Grand Slam singles results
- Australian Open: 1R (2015)
- French Open: Q2 (2012, 2020)
- Wimbledon: 1R (2015)
- US Open: 1R (2012)

Doubles
- Career record: 0–2
- Career titles: 0
- Highest ranking: No. 224 (15 July 2019)

= Hiroki Moriya =

Japanese tennis player (born 1990)

Hiroki Moriya (守屋 宏紀, Moriya Hiroki) is a Japanese tennis player. He achieved a career-high singles ranking of world No. 143 on 5 January 2015 and a doubles ranking of No. 224 achieved on 15 July 2019. Moriya has won three ATP Challenger Tour singles titles.

==Tennis career==

===Juniors===
As a junior, Moriya compiled a singles win–loss record of 76–37, reaching as high as No. 17 in the junior combined world rankings in October 2008.

Junior Grand Slam results:

Australian Open: 3R (2007, 2008)

French Open: Q1 (2007)

Wimbledon: 1R (2008)

US Open: Q2 (2006)

===2008–2011===
Moriya had won three ITF Futures events in Japan and Chinese Taipei. He also had participated in a number of ATP Challenger Tour events, winning some matches of those tournaments. He ended 2011 as ranked world no. 327.

===2012: Major debut, First ATP win===
Moriya failed to qualify for French Open and Wimbledon, but he qualified for the 2012 US Open to make his Grand Slam main draw debut, losing to Ivan Dodig in the first round.

During the Asian hardcourt swing, he defeated Robin Haase in the Thailand Open to record his first ATP main draw win, and played a close match against Stanislas Wawrinka at the Japan Open, losing 5–7, 6–4, 4–6. In November, Moriya reached his first ATP Challenger Tour final in Toyota, where he lost to Michał Przysiężny in straight sets.

===2013: Davis Cup debut===
He represented Japan for the first time in his career at the 2013 Davis Cup Asia/Oceania Zone Group I against South Korea.
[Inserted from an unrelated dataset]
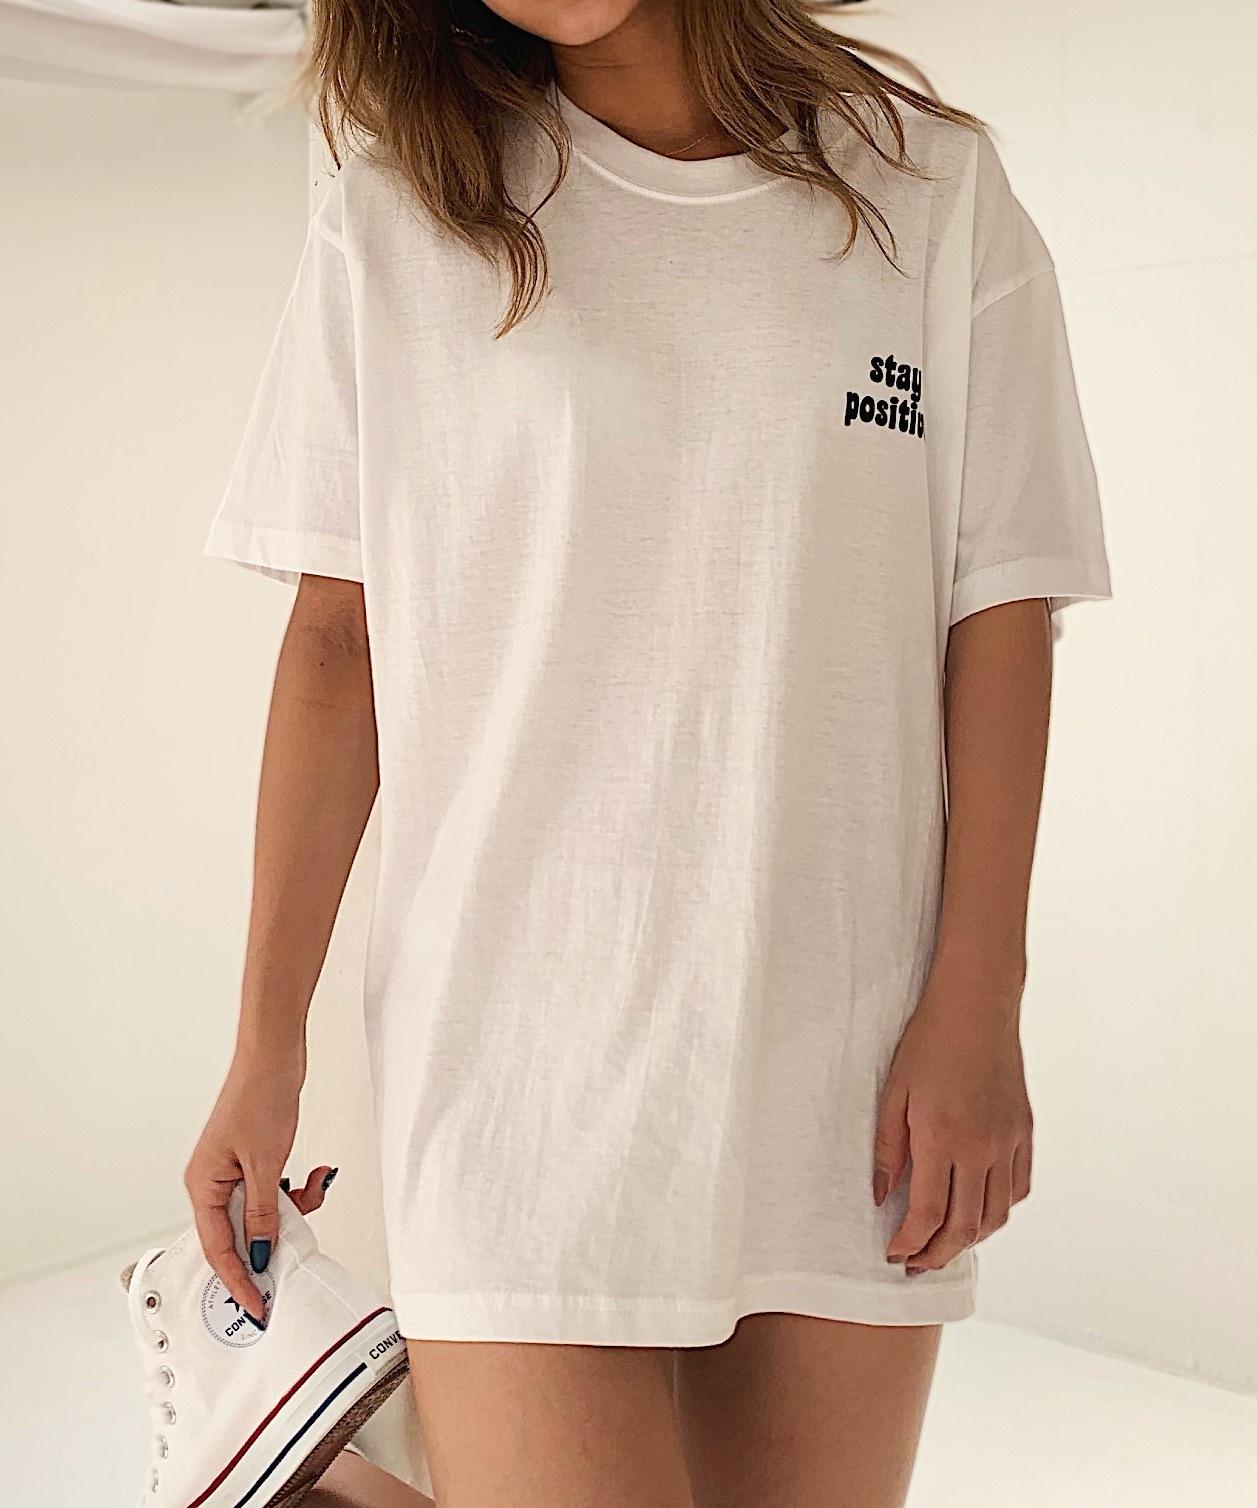 ポイントカラーロゴTシャツ

He played the doubles rubber with Yasutaka Uchiyama and Japan advanced into the World Group play-offs.

Moriya was the runner-up of Shanghai Challenger, losing to his countryman Yuichi Sugita in the final, and he made quarterfinals or better of Asian Challenger events in this year.

===2014: First Challenger title and Top 150===
In Australian hard court season, Moriya reached the final in the Burnie Challenger for the third time at this level and the semifinal in West Lakes.
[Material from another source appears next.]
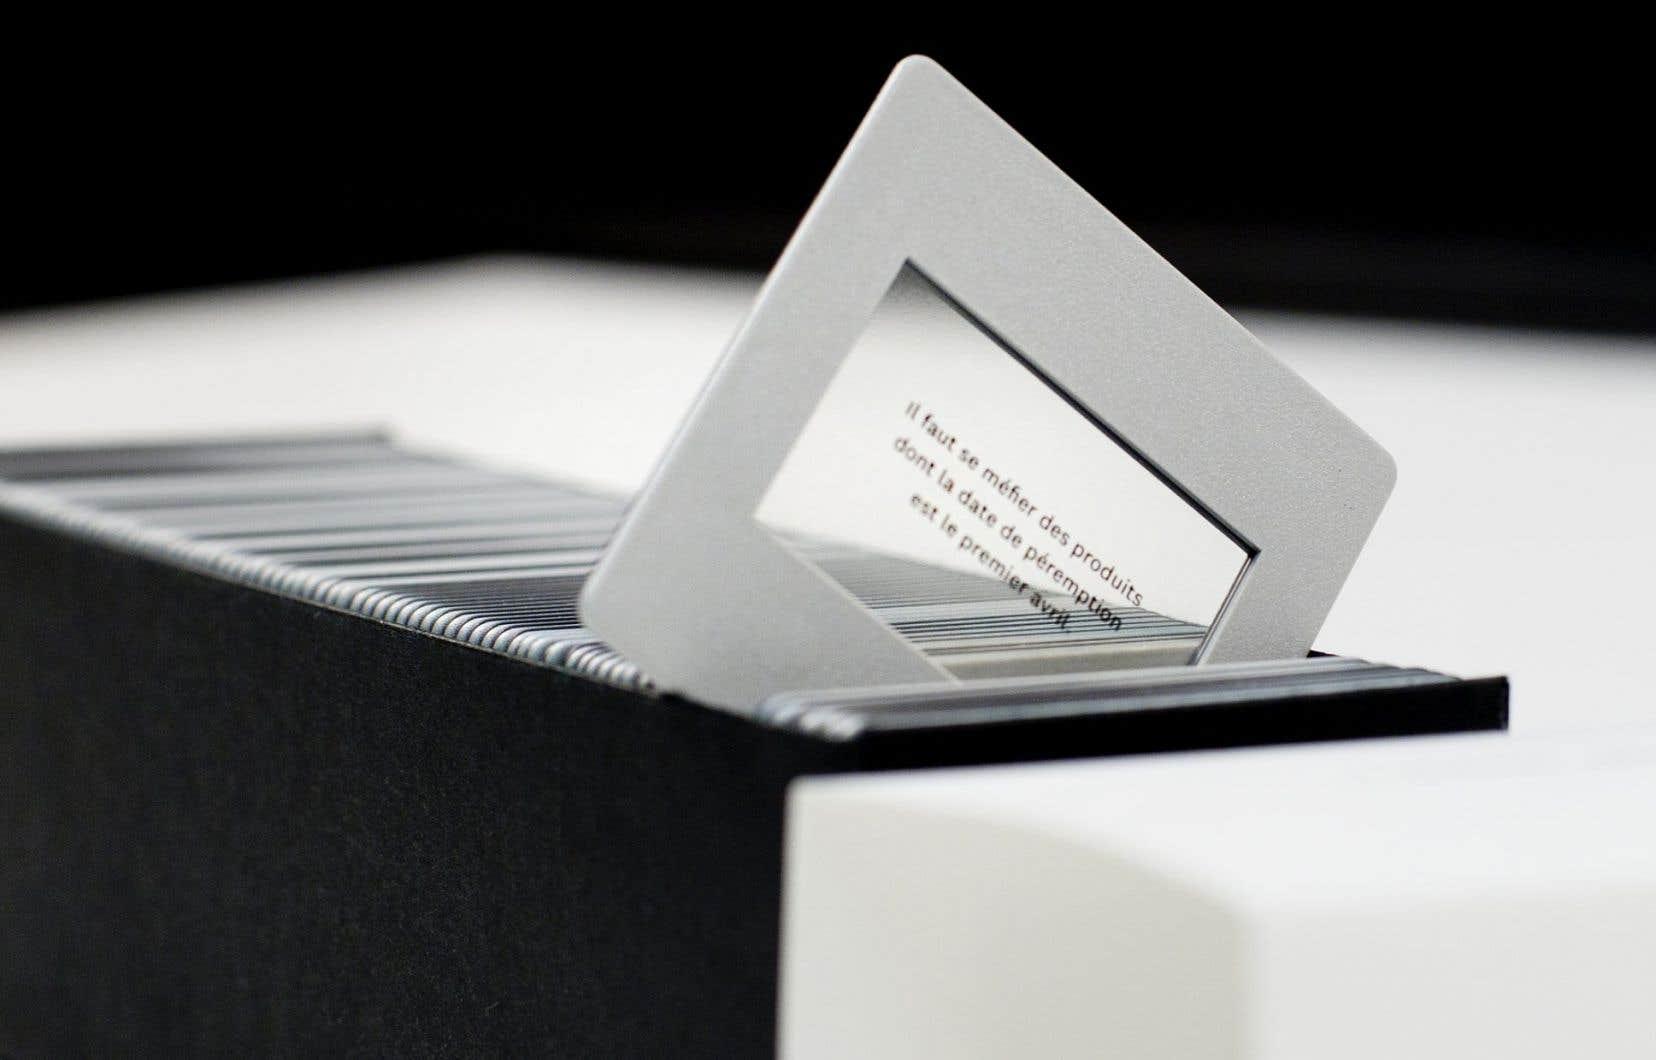 Le Canada a déjà été un chef de file dans l'archivage numérique. Sur notre photo, le<em> Carrousel encyclopédique des grandes vérités de la vie moderne</em>, Marc-Antoine K. Phaneuf et Jean-François Proulx, Montréal, 2010.

Moriya won his first challenger title, winning the $50,000+H Granby Challenger event in Canada by beating Fabrice Martin in the final. Following this tournament, he entered the ATP rankings top 150. In the Asian swing, Moriya competed in the ATP events of Kuala Lumpur and Tokyo, both losing in the first round.
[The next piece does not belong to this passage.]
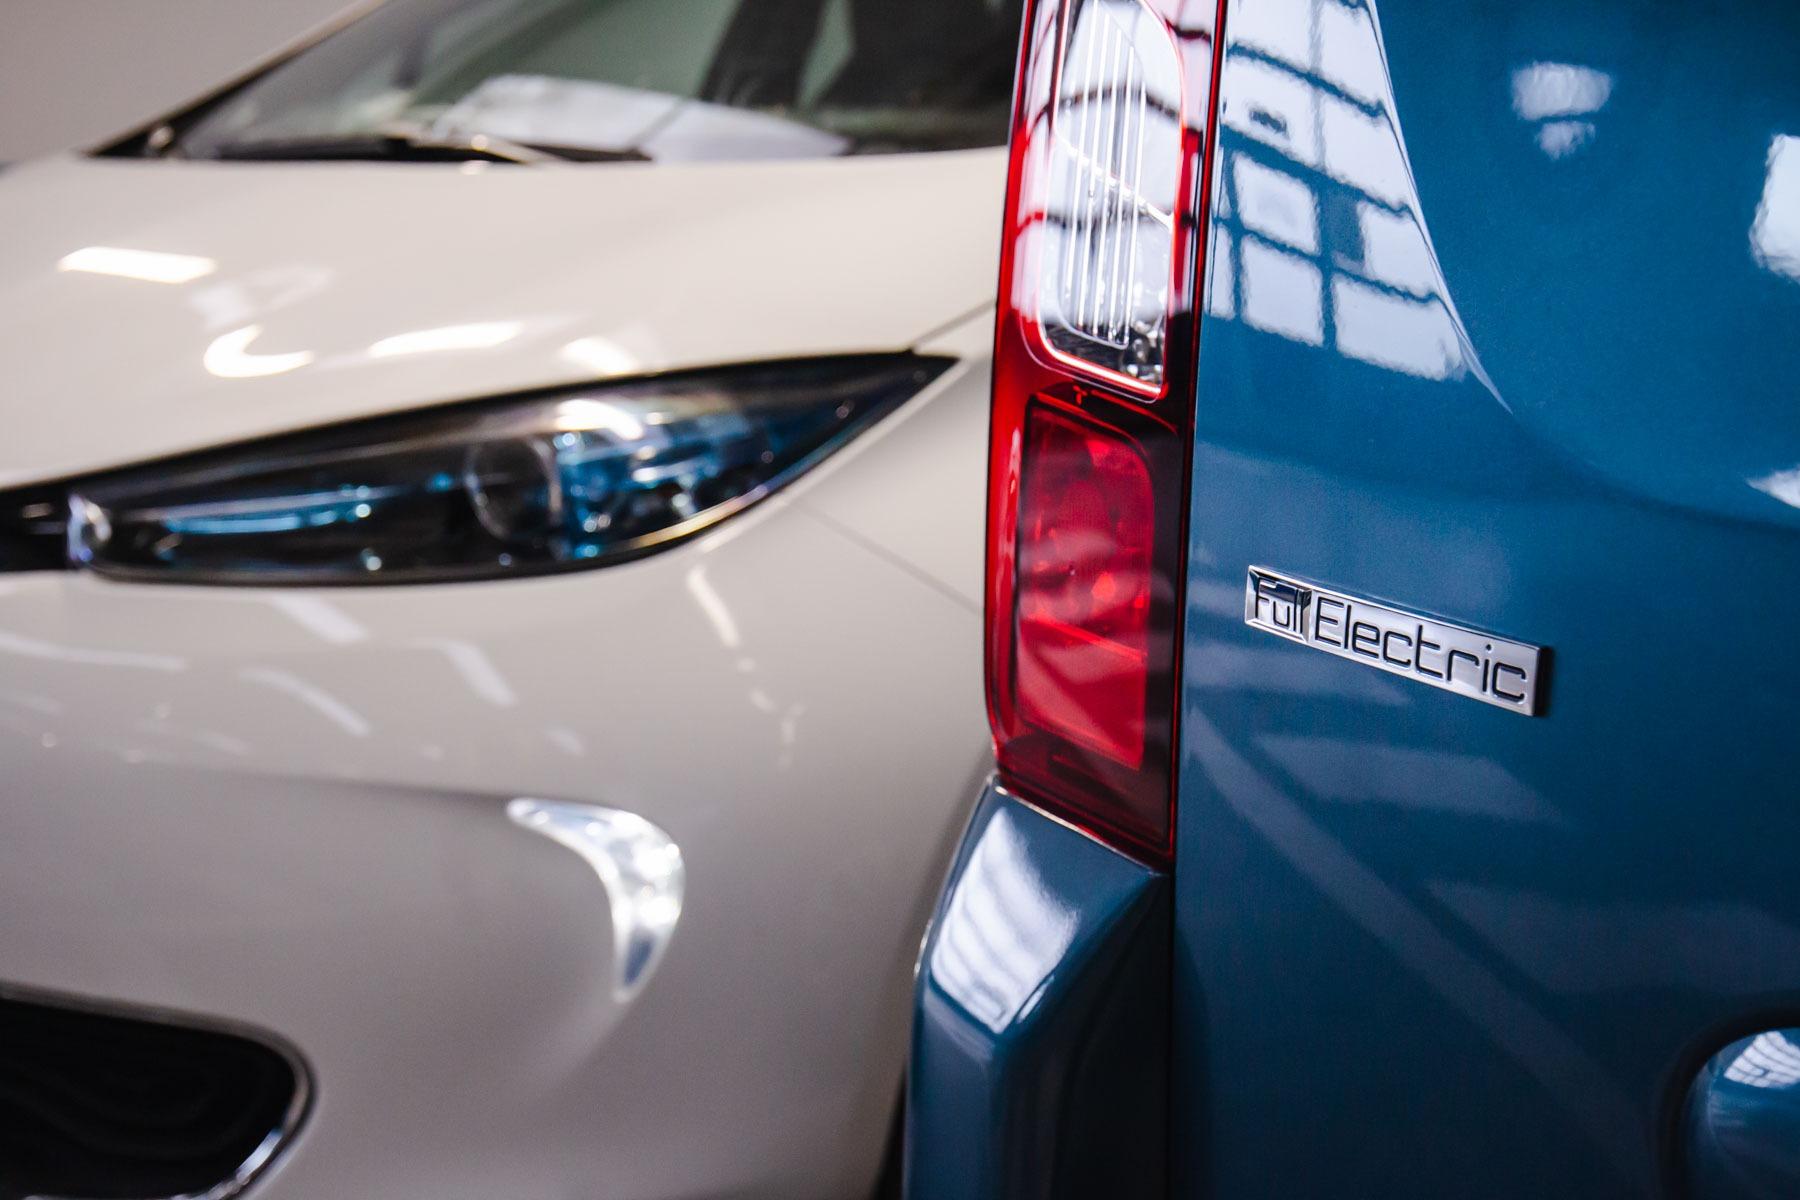 ¿Cómo funciona el airbag de un coche?

===2015: Second ATP win===
In the 2015 Australian Open, despite losing of the qualifying round, Moriya entered into main draw as lucky loser replacing Juan Martín del Potro. He was eliminated in the first round by Jerzy Janowicz with four sets.

He won through the qualifying at the 2015 Wimbledon Championships, dropping just one set, but lost to ninth seed and reigning US Open champion Marin Čilić in the opening round. In September, Moriya reached the second round of the Shenzhen Open, beating Ričardas Berankis in straight sets. He lost to third seed Tommy Robredo.

===2022: First ATP 500 win===
During the Asian hardcourt swing, Moriya entered the 2022 Korea Open and the 2022 Rakuten Japan Open Tennis Championships after qualifying for the singles main draw as a lucky loser. In the latter he defeated compatriot fellow qualifier Yuta Shimizu for his first ATP 500 and Tokyo Open win and third ATP win overall. As a result, he moved 40 positions up the rankings into the top 250.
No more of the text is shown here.